While the First Line of Defense constitutes one/more Systems of Record, the Second Line of Defense is a unified System of Intelligence. The first line focuses on establishing primary spend channels for different business functions with standard processes and providing spend visibility through on-demand reporting. The second line focuses on continuously monitoring spend across channels using a judicious blend of machine & human intelligence with automation. Such a system has the capability to learn from historical spend behavior guided by a Subject Matter Expert and then leverage this learning to screen live spend to detect and predict exceptions. The key is to decouple spend monitoring (2nd line) from spend processing & analytics (1st line) to ensure that this happens independently and has a good chance of detecting whatever slips through the first line.
For Management, which is responsible for both taking and monitoring risks there is increased value:
- For Risk Takers, this would mean that anything slipping through the net in the first line is detected almost immediately providing an opportunity to correct or prevent issues at the source.
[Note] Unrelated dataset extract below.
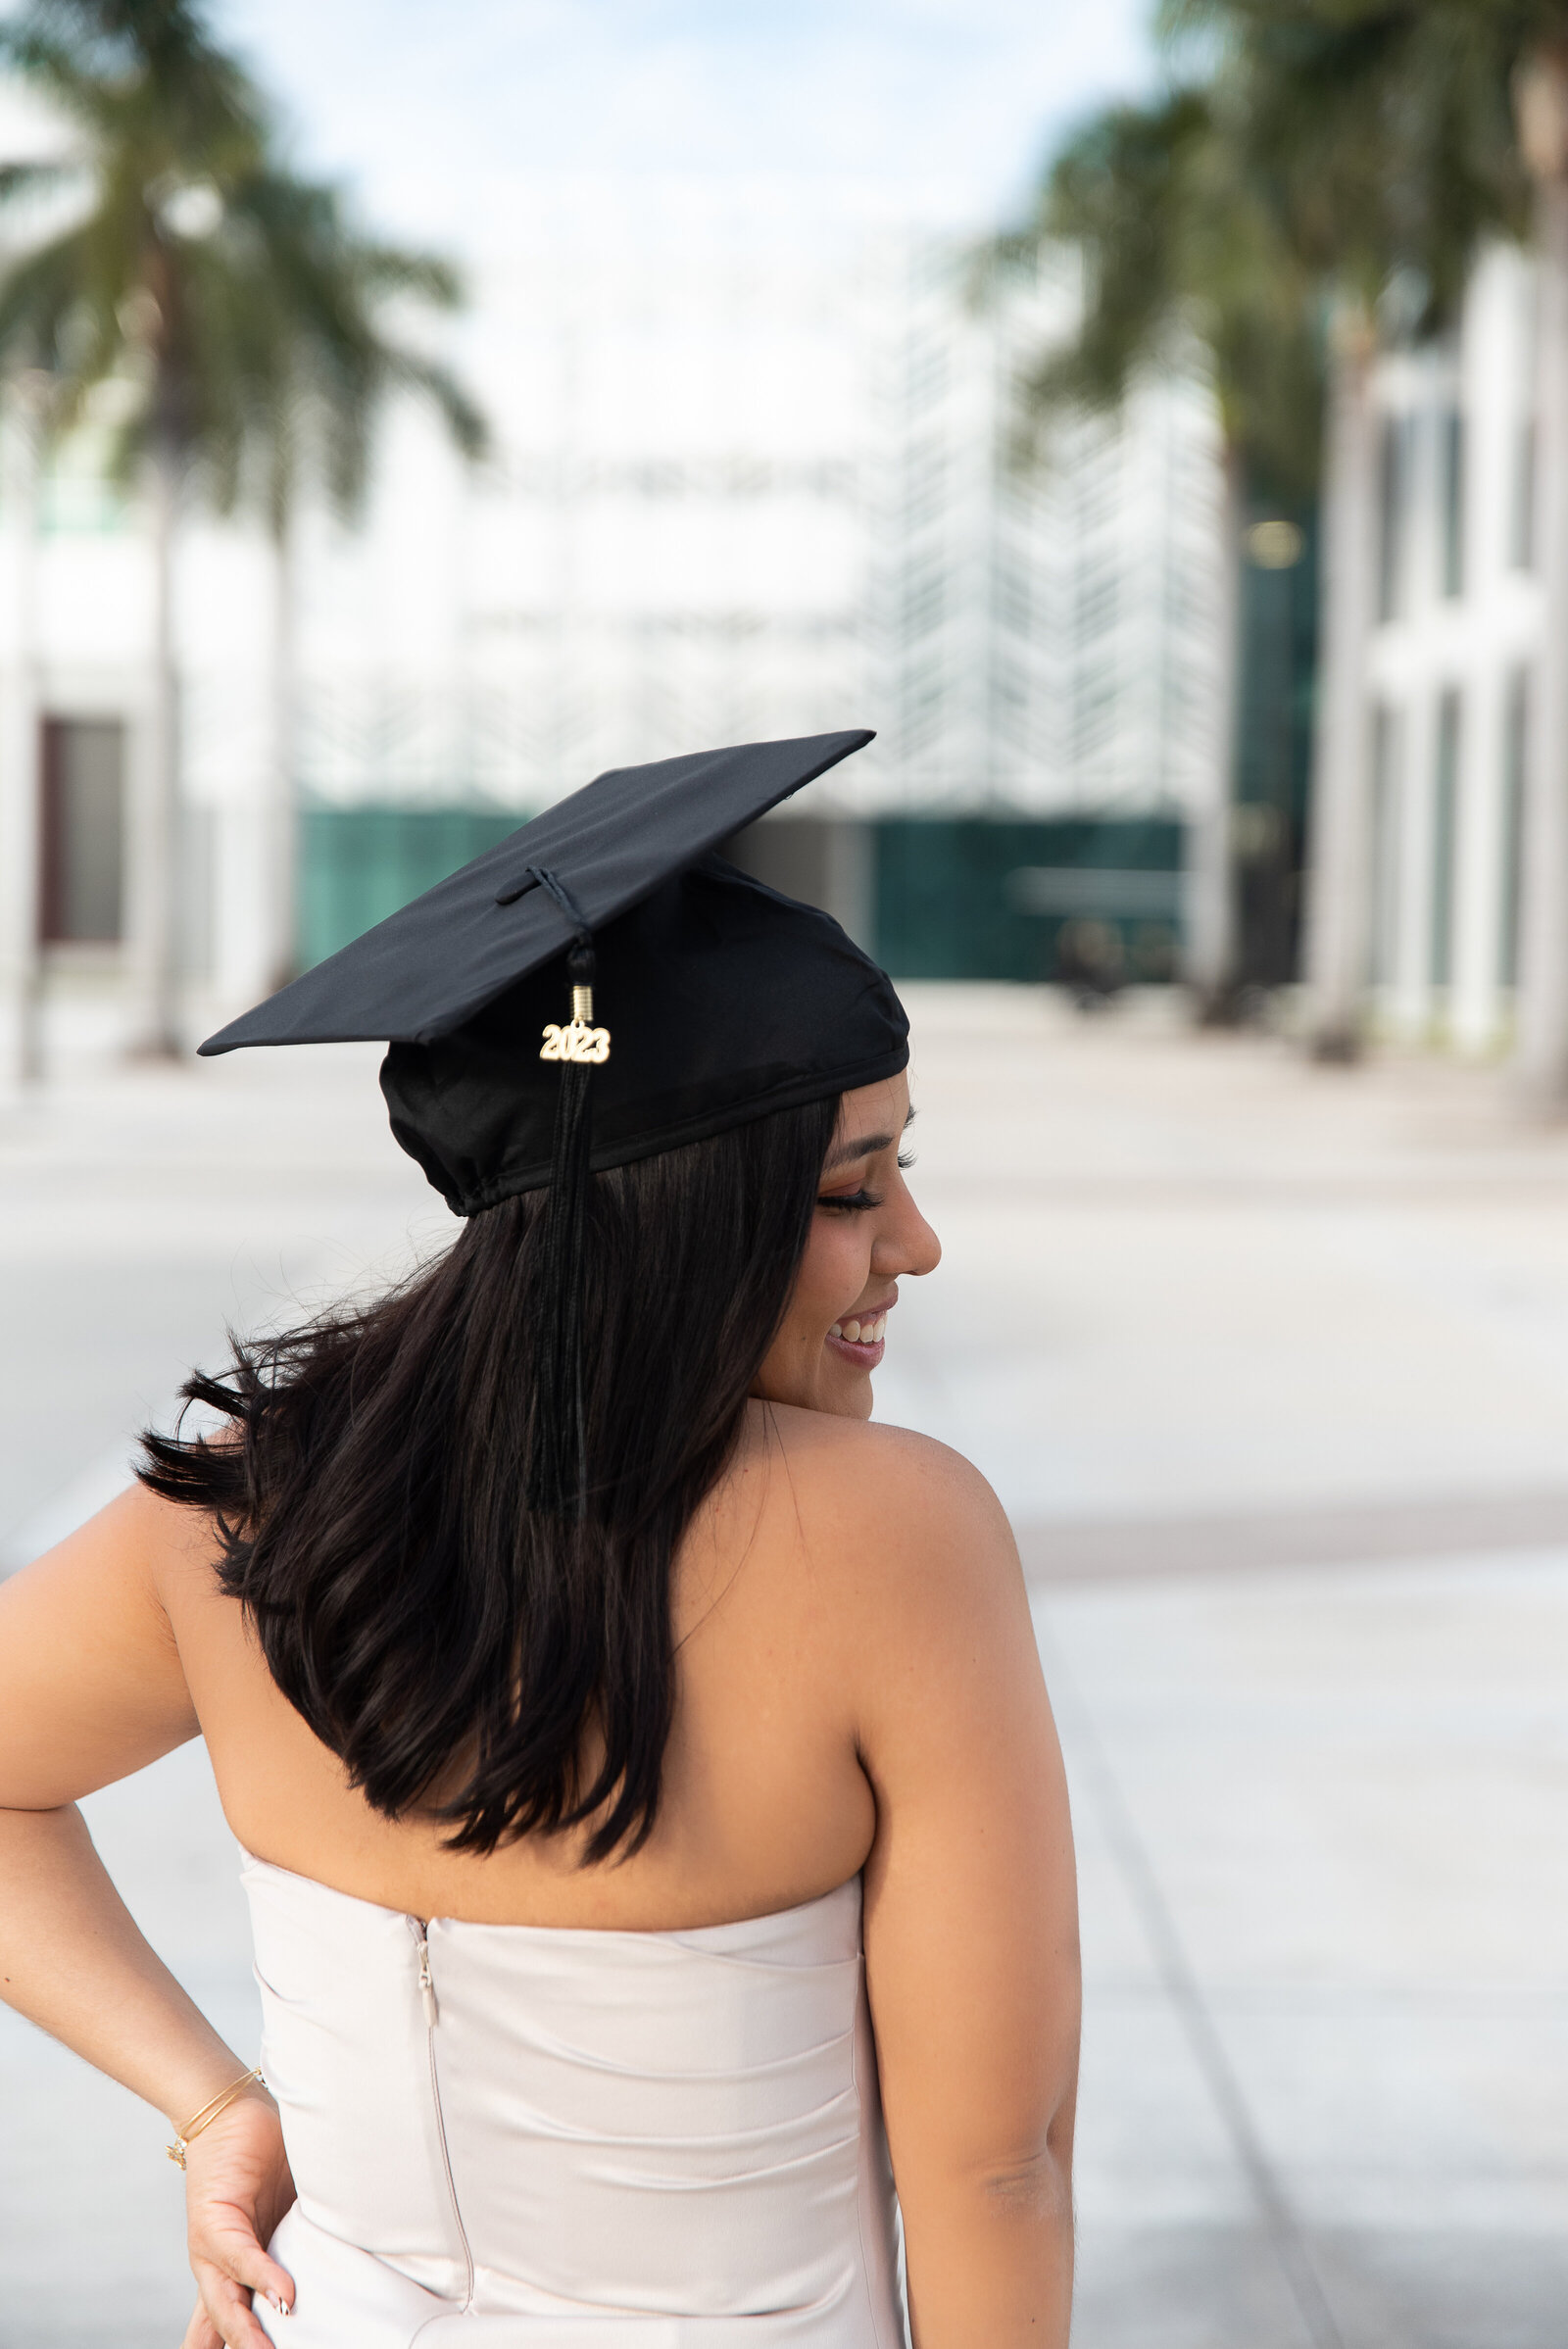 What to wear to Graduation Photoshoot

To top it, there could be multiple systems through which purchases flow. A unified Spend Monitoring system would screen and reconcile everything across sources. This translates to reduced spend leakage, business disruptions, and non-compliance. This would also enable Risk Takers to address two key questions that get asked every time an issue is detected by an auditor. (1) How did this happen? (2) How will you ensure that it will not happen again? A spend monitoring solution will leave behind an audit trail providing evidence on who allowed the transaction to go through and why. It would also enable them to put in place additional controls in the first and second line to avoid a repeat occurrence.
- For Risk Monitors, this would mean a continuous monitoring of ‘risk’ across 100% spend transactions. This translates to a significant jump in efficacy and allows them to focus on more complex issues that may require human experience and intuition. A spend monitoring solution would enable them to correlate spend information flowing through multiple systems to detect spend integrity issues. Such a system would also enable them to go beyond simple rule-based checks to analyze emerging trends and track them before they cause any damage.
- For Auditors (Risk Assurers), this would mean a continuous auditing of ‘risk’ across 100% of spend transactions. This would mean more focus on person audits to analyze performance through the lens of integrity and value. A spend monitoring solution would analyze machine generated trends and observations based on experience and intuition to recommend a suitable course of action.
There are several kinds of risk that can be managed better through a 2-step verification of purchases offered by a Spend Management and a Spend Monitoring system. For example, enterprises can save more money through various levers such as:
- Detecting and resolving purchase prices variances across items/contracts / catalogues
- Detecting and curtailing excessive freight charges
- Detecting and consolidating bulk purchases or repairs
- Detecting and preventing duplicate purchases and payments
- Detecting and claiming early payment discounts
- Detecting and reducing payment term mismatches
- Predicting and preventing delays in approvals, fulfilment, and payouts
- Predicting and preventing business disruptions from low quality goods
Overall, the digitalization of a Second Line of Defense through a Spend Monitoring solution alters the approach of managing spend from a reactive to a proactive one. It increases the element of trust across Risk Takers, Risk Monitors and Risk Assurers by providing an objective and unbiased way of scrutinizing every spend in an automated manner.